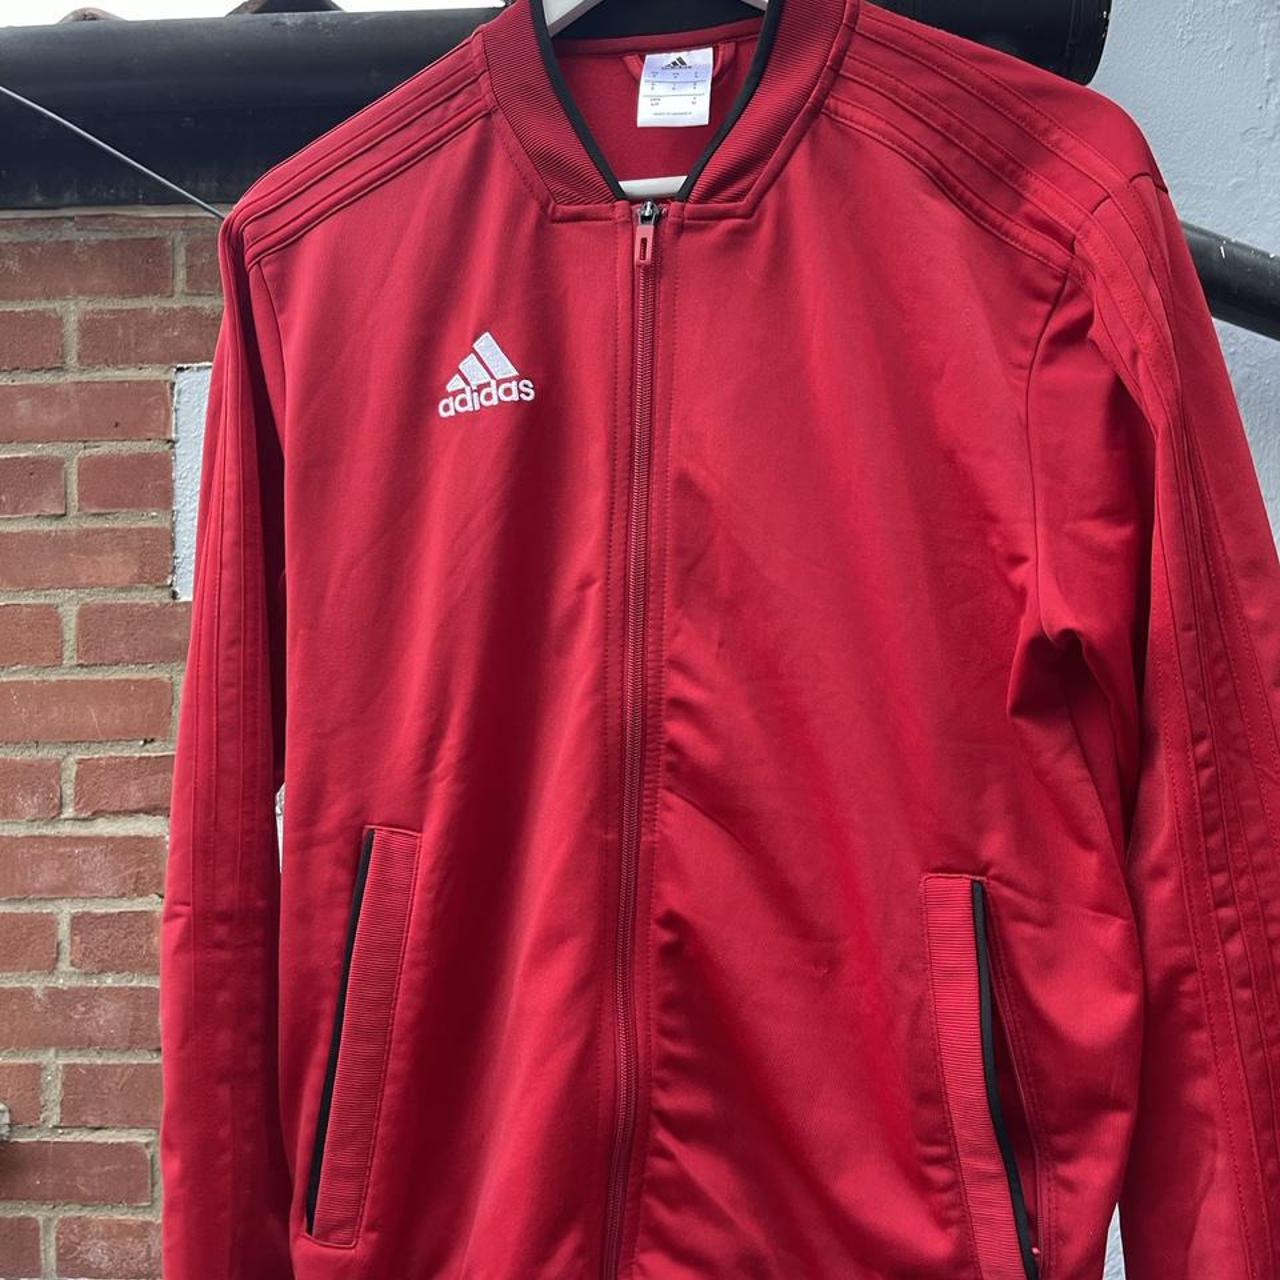 Product Image 3 - Adidas track jacket 





#adidas#trackjacket#red#sports
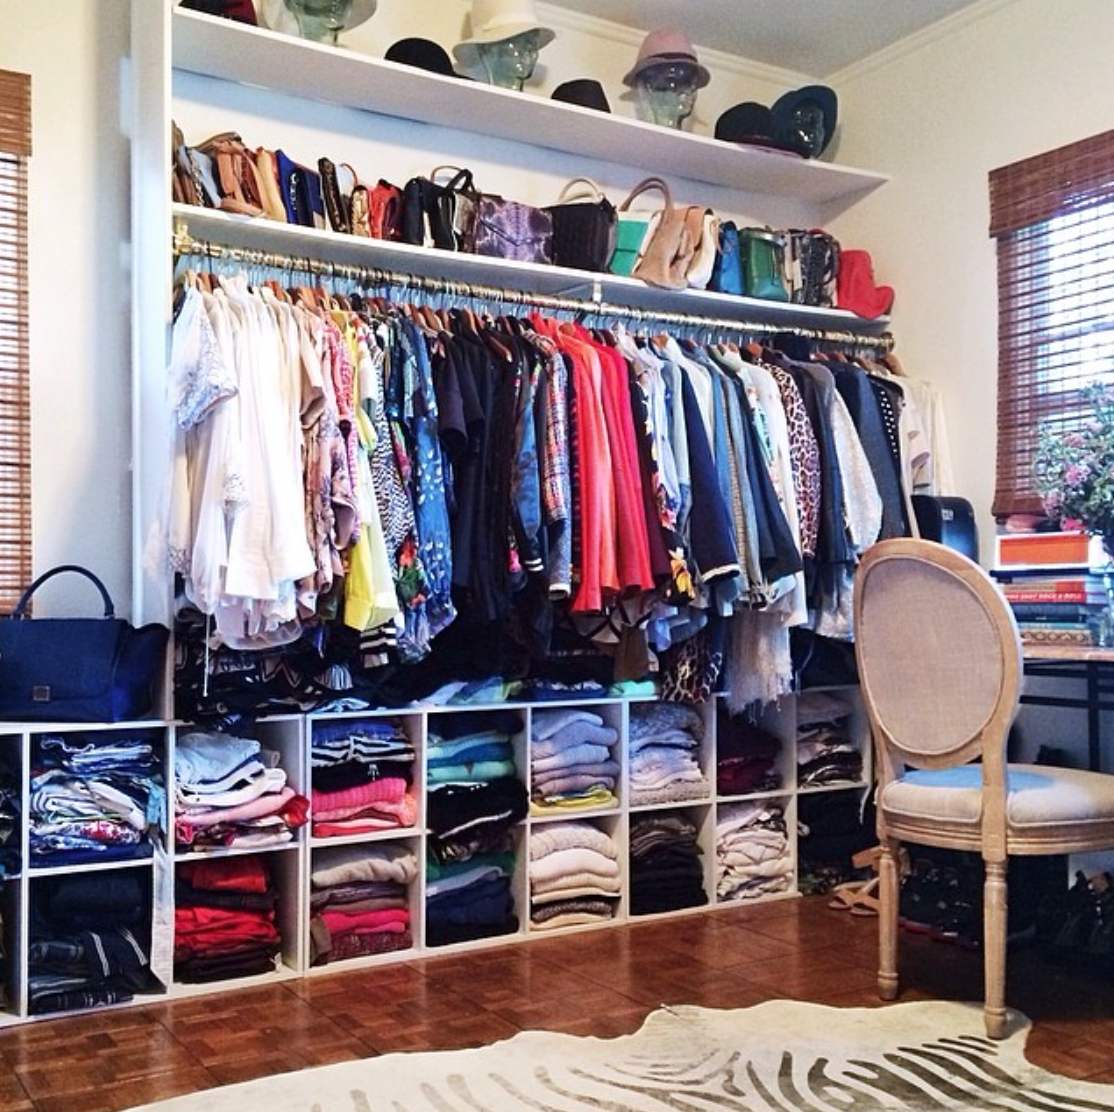 Organize clothes
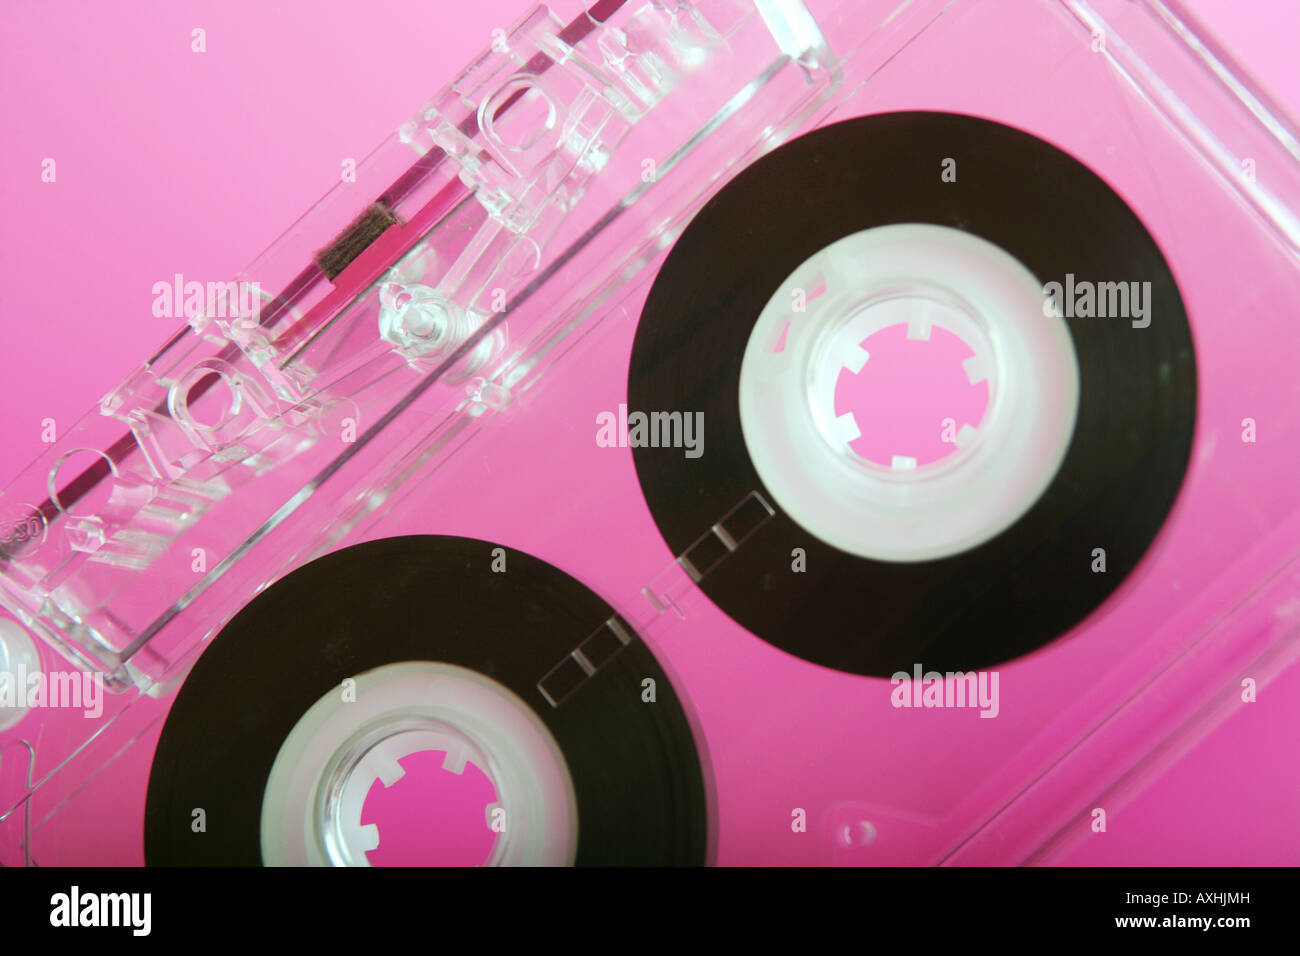 Gros plan d'une cassette audio transparent sur fond rose. Banque D'Images
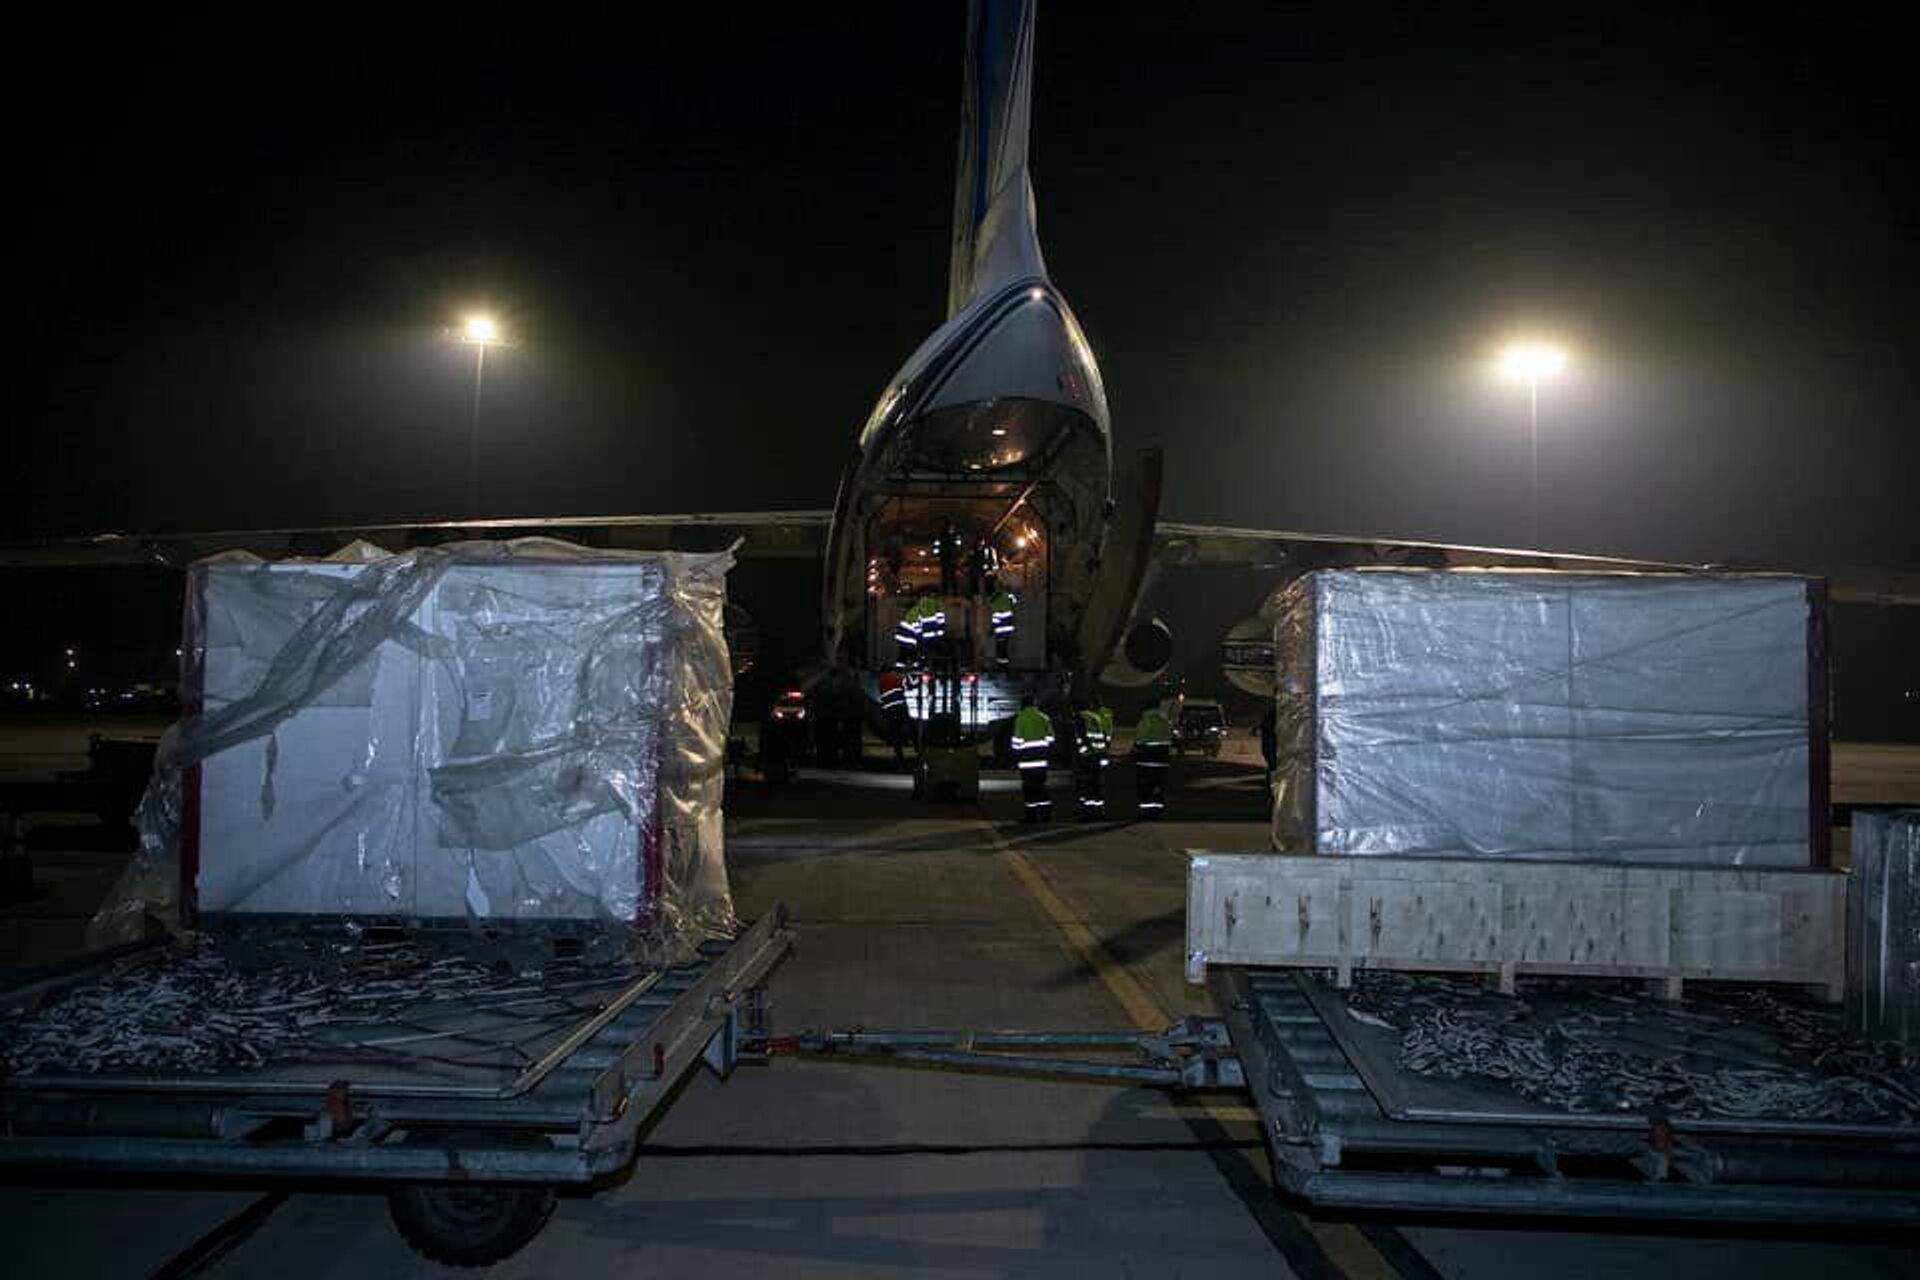 ՀՀ Առողջապահության նախարարության ձեռք բերված 4 թթվածին արտադրող կայան ու 200 թթվածնային կոնցենտրատորները Զվարթնոց օդանավակայանում - Sputnik Արմենիա, 1920, 12.12.2021
__________
I need the lines from the line holding "Gros plan d'une" through the end of the material, inclusive, restated word for word and without pictures.

● Response area:
 Gros plan d'une cassette audio transparent sur fond rose. Banque D'Images
 ՀՀ Առողջապահության նախարարության ձեռք բերված 4 թթվածին արտադրող կայան ու 200 թթվածնային կոնցենտրատորները Զվարթնոց օդանավակայանում - Sputnik Արմենիա, 1920, 12.12.2021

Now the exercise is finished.